*** Opening Provided data ***

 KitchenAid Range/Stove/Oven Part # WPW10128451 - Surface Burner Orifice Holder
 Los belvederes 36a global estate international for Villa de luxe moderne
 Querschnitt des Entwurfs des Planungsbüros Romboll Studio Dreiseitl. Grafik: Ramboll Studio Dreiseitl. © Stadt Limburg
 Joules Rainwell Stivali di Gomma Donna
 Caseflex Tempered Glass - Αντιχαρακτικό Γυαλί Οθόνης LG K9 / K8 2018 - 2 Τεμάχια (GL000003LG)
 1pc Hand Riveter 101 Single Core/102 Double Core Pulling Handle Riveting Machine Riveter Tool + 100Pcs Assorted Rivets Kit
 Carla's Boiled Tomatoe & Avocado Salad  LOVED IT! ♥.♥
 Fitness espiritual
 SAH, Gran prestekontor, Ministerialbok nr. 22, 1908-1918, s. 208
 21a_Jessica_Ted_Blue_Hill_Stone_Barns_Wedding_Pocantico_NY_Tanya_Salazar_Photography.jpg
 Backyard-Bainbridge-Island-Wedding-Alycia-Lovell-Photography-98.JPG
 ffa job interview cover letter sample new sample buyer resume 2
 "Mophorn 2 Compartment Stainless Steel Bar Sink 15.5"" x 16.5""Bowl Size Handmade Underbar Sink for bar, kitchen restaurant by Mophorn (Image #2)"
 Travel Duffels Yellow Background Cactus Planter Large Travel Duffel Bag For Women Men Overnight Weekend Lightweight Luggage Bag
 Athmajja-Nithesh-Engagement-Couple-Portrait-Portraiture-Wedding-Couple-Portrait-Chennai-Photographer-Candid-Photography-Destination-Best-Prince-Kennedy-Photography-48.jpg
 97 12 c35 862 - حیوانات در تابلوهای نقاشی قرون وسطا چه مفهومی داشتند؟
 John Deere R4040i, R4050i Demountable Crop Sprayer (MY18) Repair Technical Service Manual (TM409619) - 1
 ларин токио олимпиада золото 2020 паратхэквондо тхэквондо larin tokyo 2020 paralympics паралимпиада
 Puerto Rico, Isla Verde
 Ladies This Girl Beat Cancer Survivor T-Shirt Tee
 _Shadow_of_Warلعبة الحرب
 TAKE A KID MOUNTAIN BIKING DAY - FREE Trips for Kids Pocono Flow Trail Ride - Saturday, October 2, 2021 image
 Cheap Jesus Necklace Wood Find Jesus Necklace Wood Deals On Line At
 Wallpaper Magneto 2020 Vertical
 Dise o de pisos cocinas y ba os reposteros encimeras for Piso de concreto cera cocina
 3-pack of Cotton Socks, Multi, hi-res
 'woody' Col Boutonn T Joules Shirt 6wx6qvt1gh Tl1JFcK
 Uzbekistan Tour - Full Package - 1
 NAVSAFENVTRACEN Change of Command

*** Closing Provided data ***

> [Activity]:
Above are the entries. Output exactly the lines beginning with the line that has "Ladies This Girl" and ending with the line that has "Wallpaper Magneto 2020 Vertical".

> [Problem solution]:
 Ladies This Girl Beat Cancer Survivor T-Shirt Tee
 _Shadow_of_Warلعبة الحرب
 TAKE A KID MOUNTAIN BIKING DAY - FREE Trips for Kids Pocono Flow Trail Ride - Saturday, October 2, 2021 image
 Cheap Jesus Necklace Wood Find Jesus Necklace Wood Deals On Line At
 Wallpaper Magneto 2020 Vertical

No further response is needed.